Mengenalkan Perintah Mengerjakan Shalat Kepada Anak
Apabila seorang anak telah mencapai umur tujuh tahun, orangtua atau walinya hendaklah menyuruhnya melaksanakan salat, meskipun anak tersebut belum wajib melaksanakannya. Anak tersebut hendaknya memerhatikan serta melatih dirinya untuk menunaikan salat yang menjadi kewajibannya selaku seorang muslim. Dengan amalan tersebutlah, ia dan orangtuanya akan memperoleh pahala dari salatnya tersebut.

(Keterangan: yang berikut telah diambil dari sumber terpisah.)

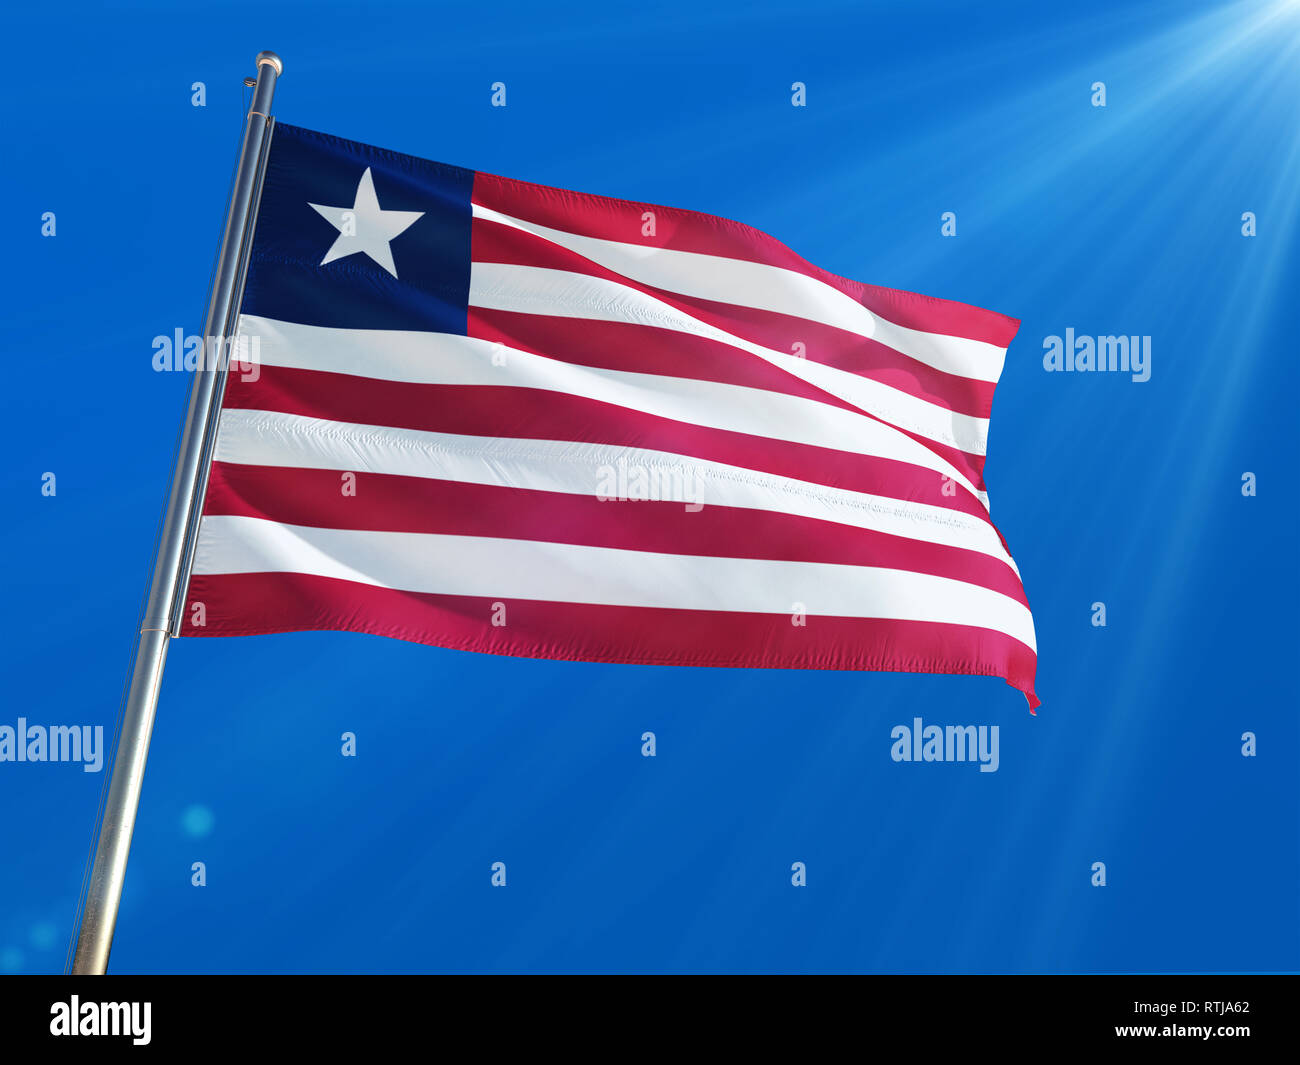 Liberia National Flag Waving on pole against deep blue sky background. High Definition - Stock Image

Hal ini sesuai dengan keumuman firman Allah SWT:
Barang siapa membawa amal yang baik maka baginya (pahala) sepuluh kali lipat amalnya. (Al-An’aam: 160).
Juga, berdasarkan sabda Rasulullah ketika datang seorang perempuan dan menyodorkan anaknya kepada Nabi sambil bertanya, apakah haji anak ini sah? Rasulullah Menjawab:
نَعَمْ، وَلَكِ أَجْرُ
Ya. Kamu juga memperoleh pahala.
Oleh karena itu, para orangtua seharusnya mendidik anak-anaknya tata cara salat serta bersuci sebagai syarat sah salat. Apabila seorang anak telah mencapai usia sepuluh tahun, wali atau orangtuanya memukulnya jika ia lalai dalam menunaikan salat.
Hal ini berdasarkan sabda Rasulullah
“Suruhlah anak-anak kalian untuk menunaikan salat ketika berusia tujuh tahun, dan pukullah mereka ketika berusia sepuluh tahun kalau mereka melalaikannya, serta pisahkanlah tempat tidur mereka.”(HR Ahmad, Abu Daud, Tirmidzi dan lainnya).
Perintah Mengerjakan Shalat & Larangan Mengakhirkannya
Tidak boleh mengakhirkan salat dari waktunya. Allah berfirman: Sesungguhnya shalat itu adalah fardhu yang ditentukan waktunya atas orang-orang yang beriman.. (An-Nisa:103)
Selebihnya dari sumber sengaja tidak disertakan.